Mixed messages from the headhunter Michael Page yesterday. The PRs were lauding the company's straight-talking attitude, saying the management "always tell it like it is.

When they did well they said so, when things softened, they also said so". This came as the group brought an interim management statement forward from January talking of the weakening outlook. The news gave shareholders the jitters and the share price slumped. So obviously they had a host of executives ready to "tell it like it is". Er, no. "They won't be doing any media calls," the PR said.

Blades runner

Sheffield United, relegated from the Premiership last year, are about to tumble out of another table altogether. The group of football clubs on the market will be one smaller come January, after the Blades' holding company applied to have its shares delisted from AIM. The group complained of the low liquidity of its shares, their decline in value, the cost of the listing and the lack of interest from investors in injecting cash into a football club. Having James Beattie, (above, centre) up front all season can't have helped the mood much either.

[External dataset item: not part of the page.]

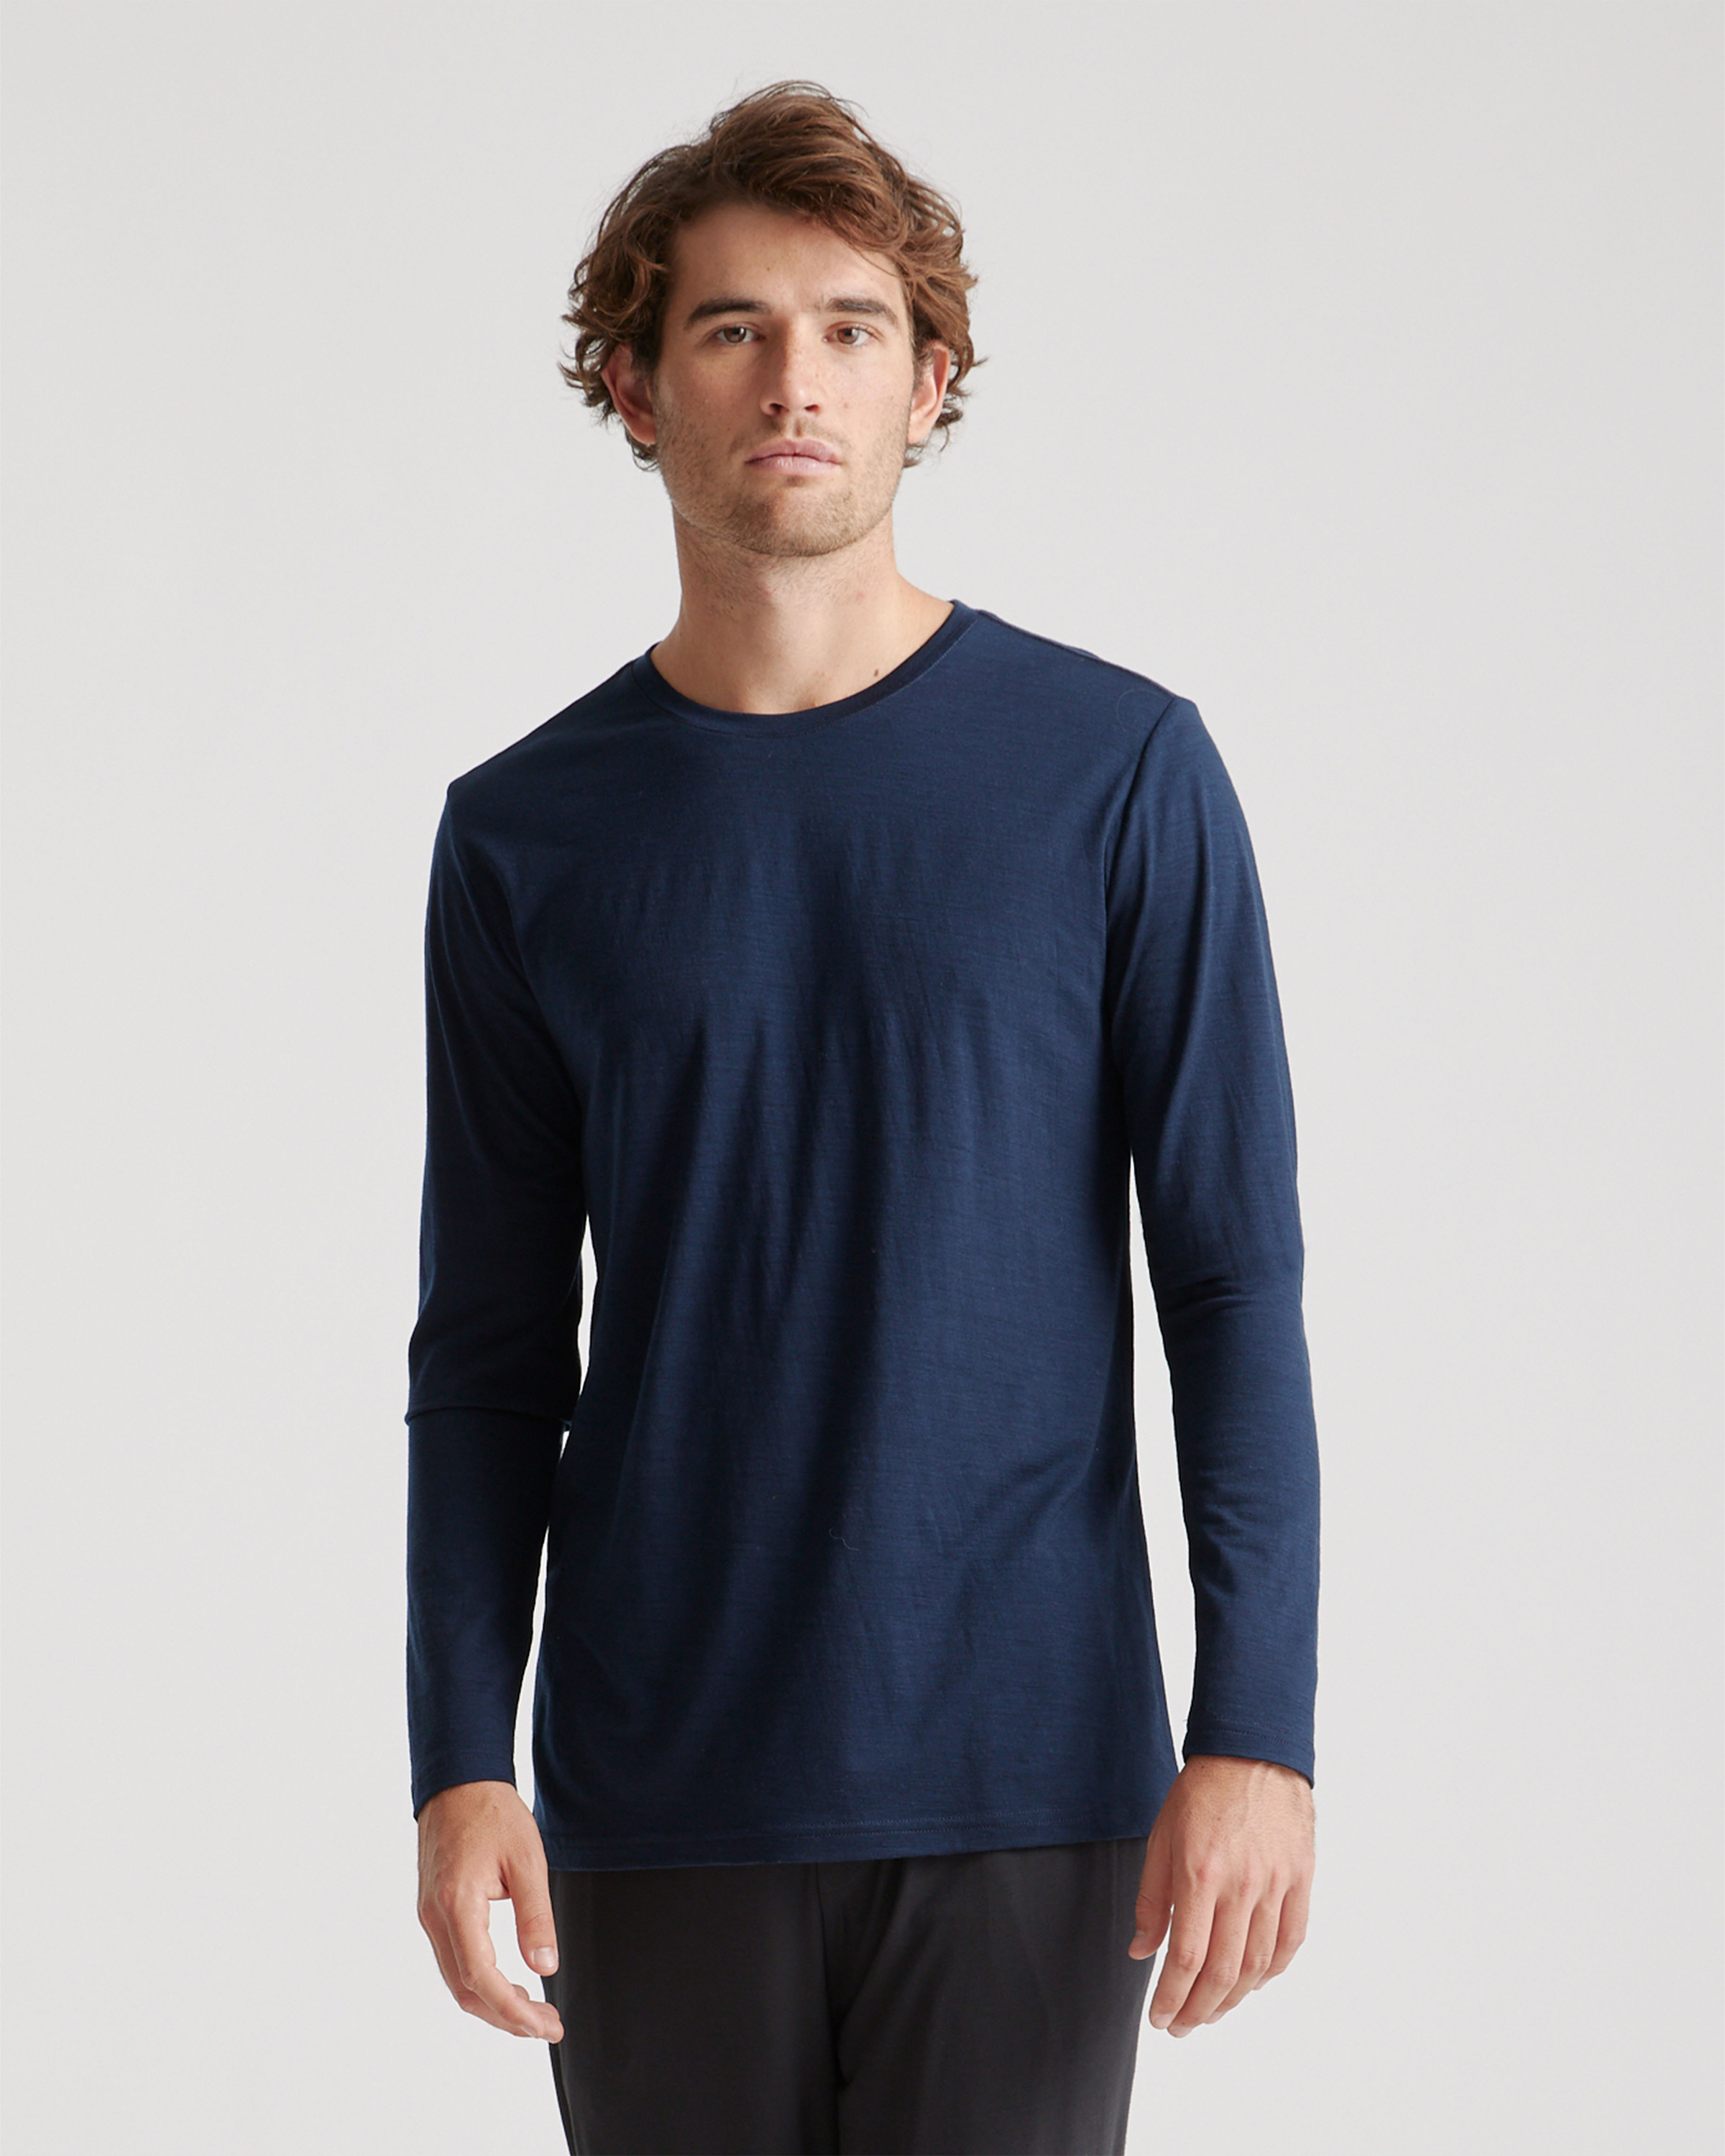 Merino Wool Union Thermal Underwear 250G Base Layer Crew Shirt With Long  Sleeves, Breathable Baselayer, USA Size L231011 From Bingcoholnciaga,  $16.83

Irish promise II: Golden Isle

So it turns out that Northern Ireland's mineral deposits (see yesterday's diary) for which it won the "most improved" country at the 2008 Mines and Money Awards ceremony two nights ago, include gold. Yes, you read that right, gold. Now maybe this was common knowledge, but the Diary has been asking itself: "Why no gold rush in Ulster before?" Well, it turns out after years of prohibition, maybe understandably, dynamite can now be imported into the region, so those miners can set about ripping up the ground and get their hands on the stuff.

Sack race

This investment banking cull is getting ridiculous. Twice in the past few days, the Diary has organised meetings with City insiders to beef up its anaemic contacts book, yet neither look like they'll make the weekend. The first cancelled the power lunch hours before the appointment, with the one-line lament: "I've been made redundant." The second was there for the meeting but has been told to train up younger colleagues to carry out suspiciously similar tasks to his own. This just days after his institution announced widescale job losses. Other more paranoid diaries might think they have acquired the kiss of death during the downturn.